(The data)
*** Begin section ***

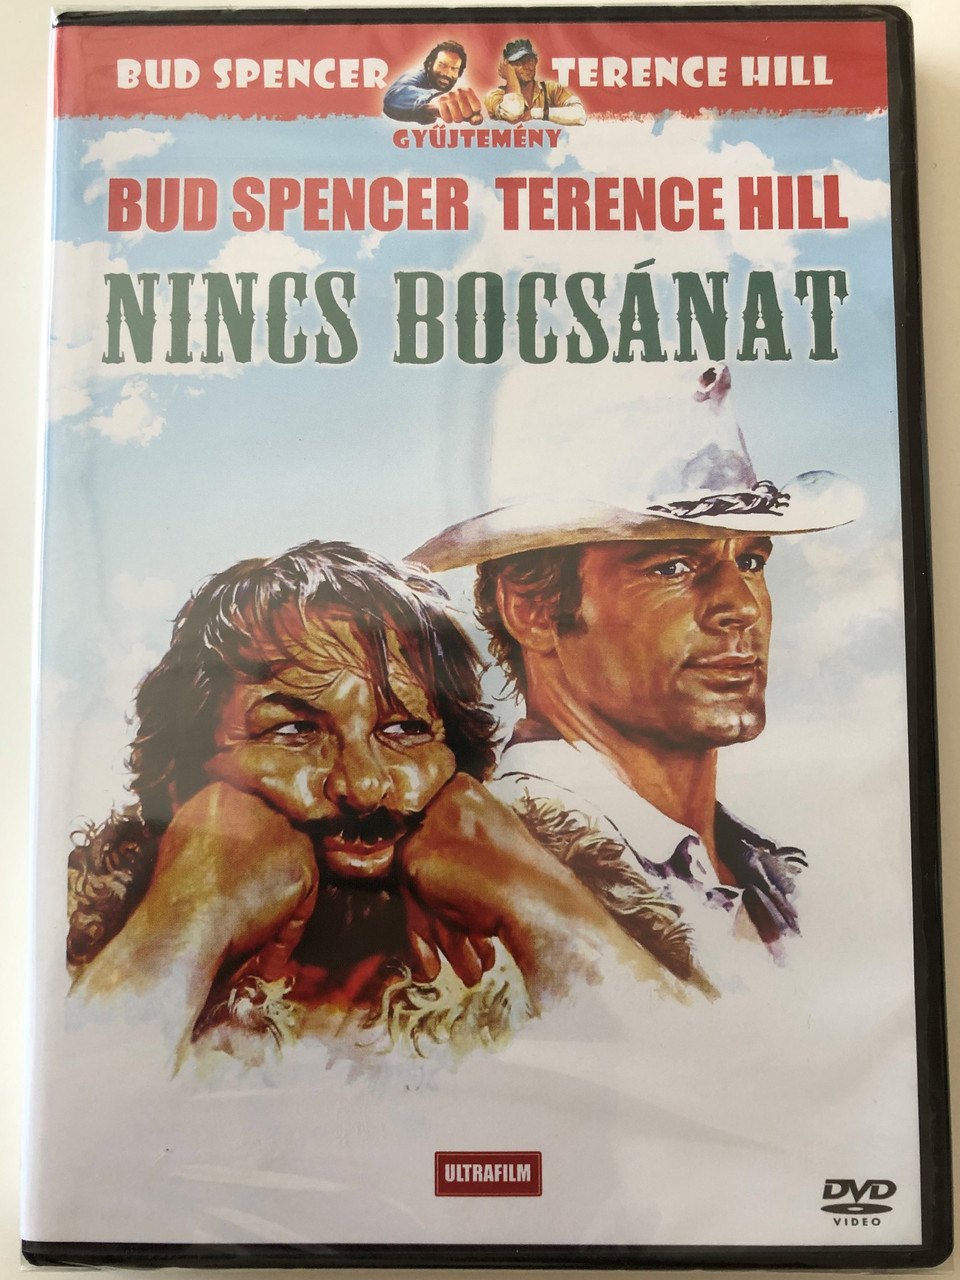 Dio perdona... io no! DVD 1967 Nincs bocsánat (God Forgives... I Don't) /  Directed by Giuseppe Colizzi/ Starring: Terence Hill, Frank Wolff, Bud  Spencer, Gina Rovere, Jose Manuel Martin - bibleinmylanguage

*** End section ***
*** Begin section ***

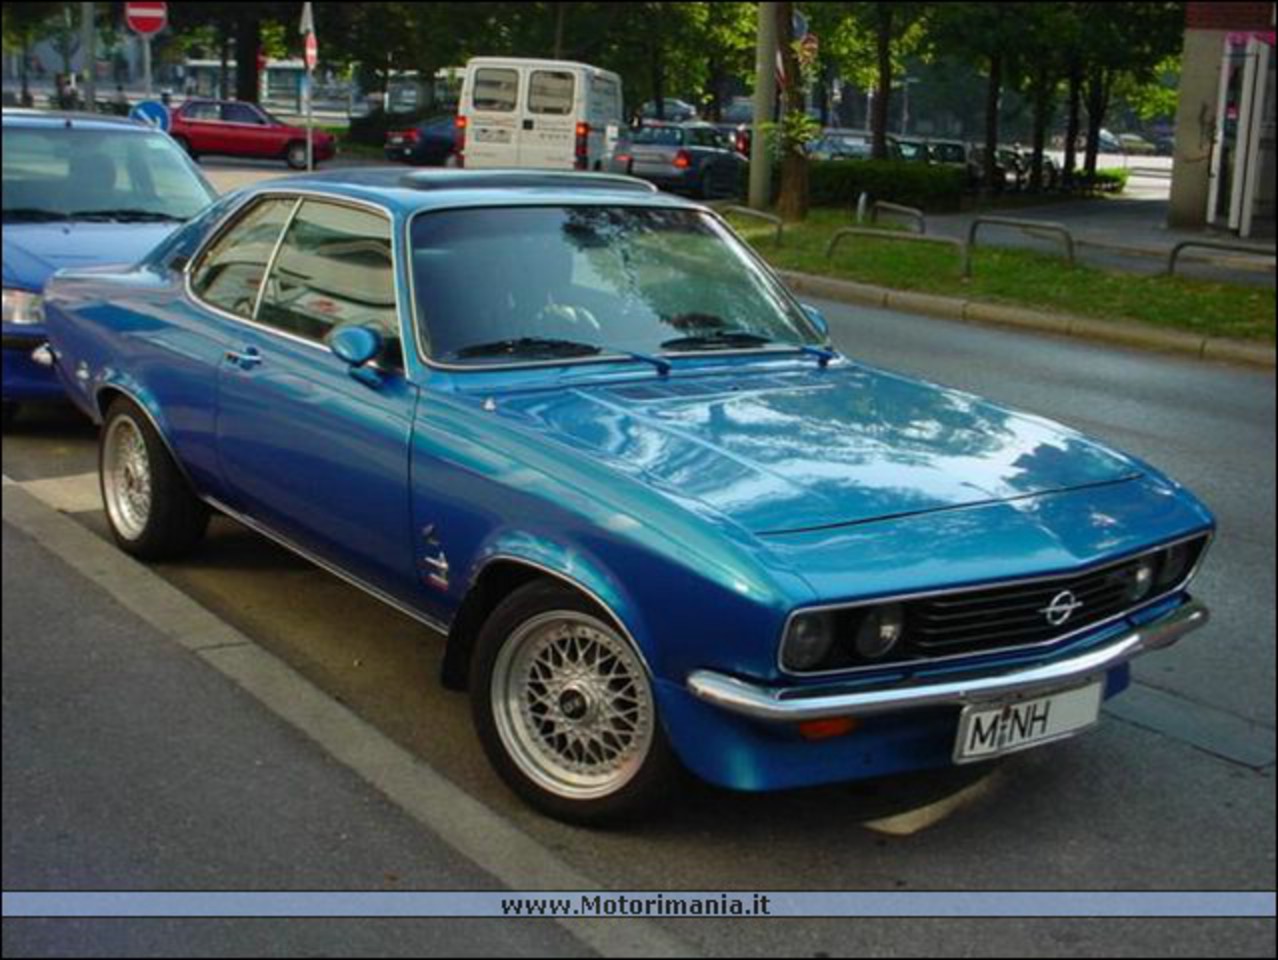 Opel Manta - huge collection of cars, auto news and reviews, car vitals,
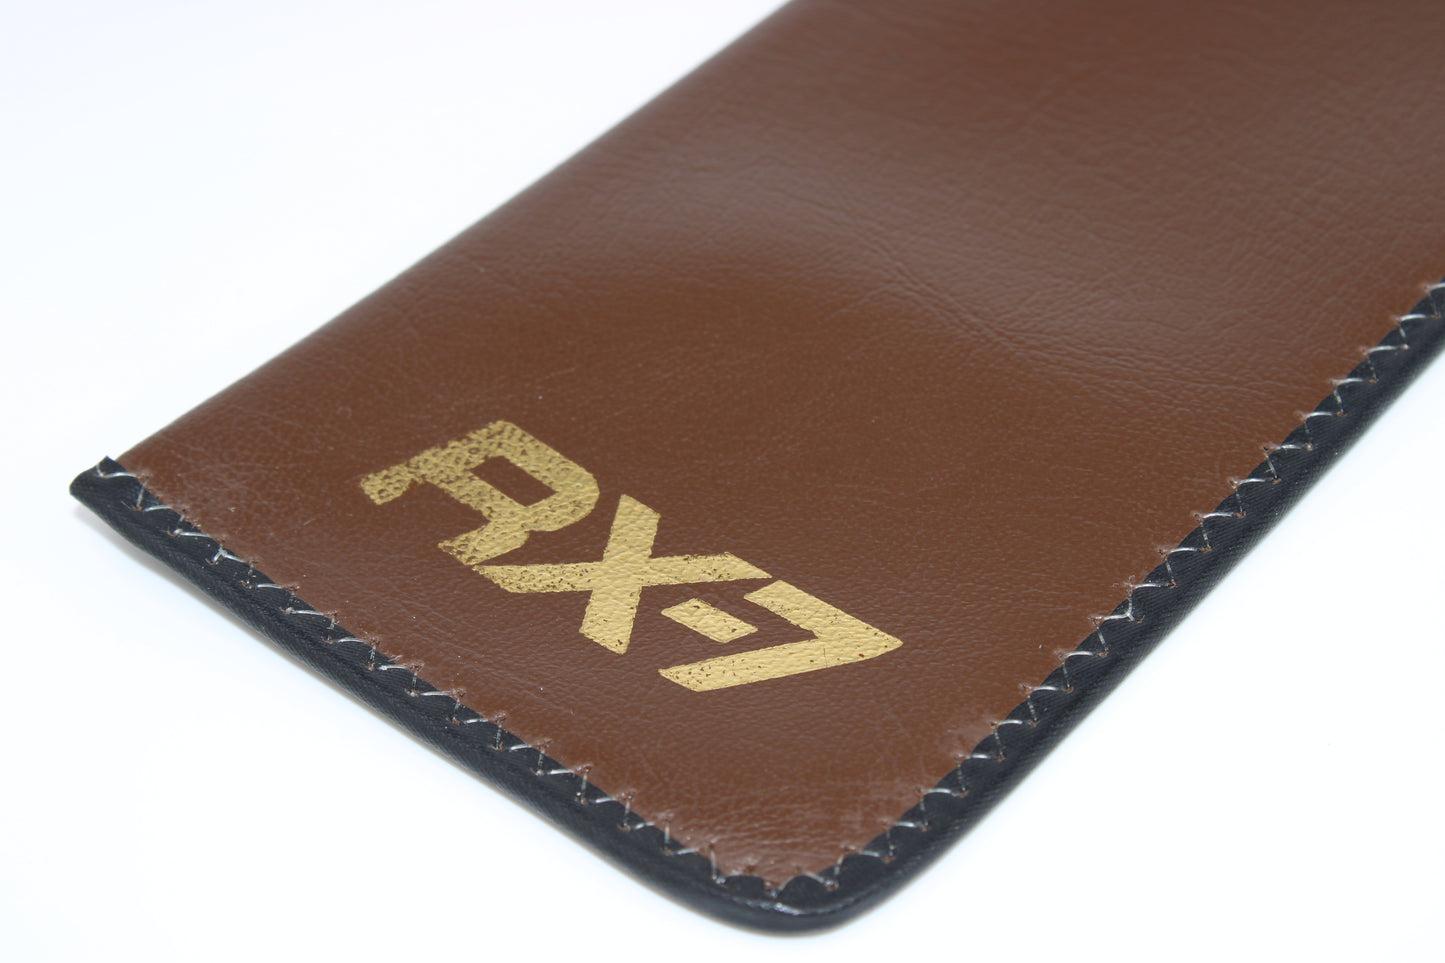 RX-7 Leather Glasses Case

*** End section ***

(Problem details) Range to print from the listing above: from the line with "Opel Manta - huge" up to and including the line with "RX-7 Leather Glasses Case". Please print those lines exactly, with no pictures and nothing more.

(Answer below)
 Opel Manta - huge collection of cars, auto news and reviews, car vitals,
 RX-7 Leather Glasses Case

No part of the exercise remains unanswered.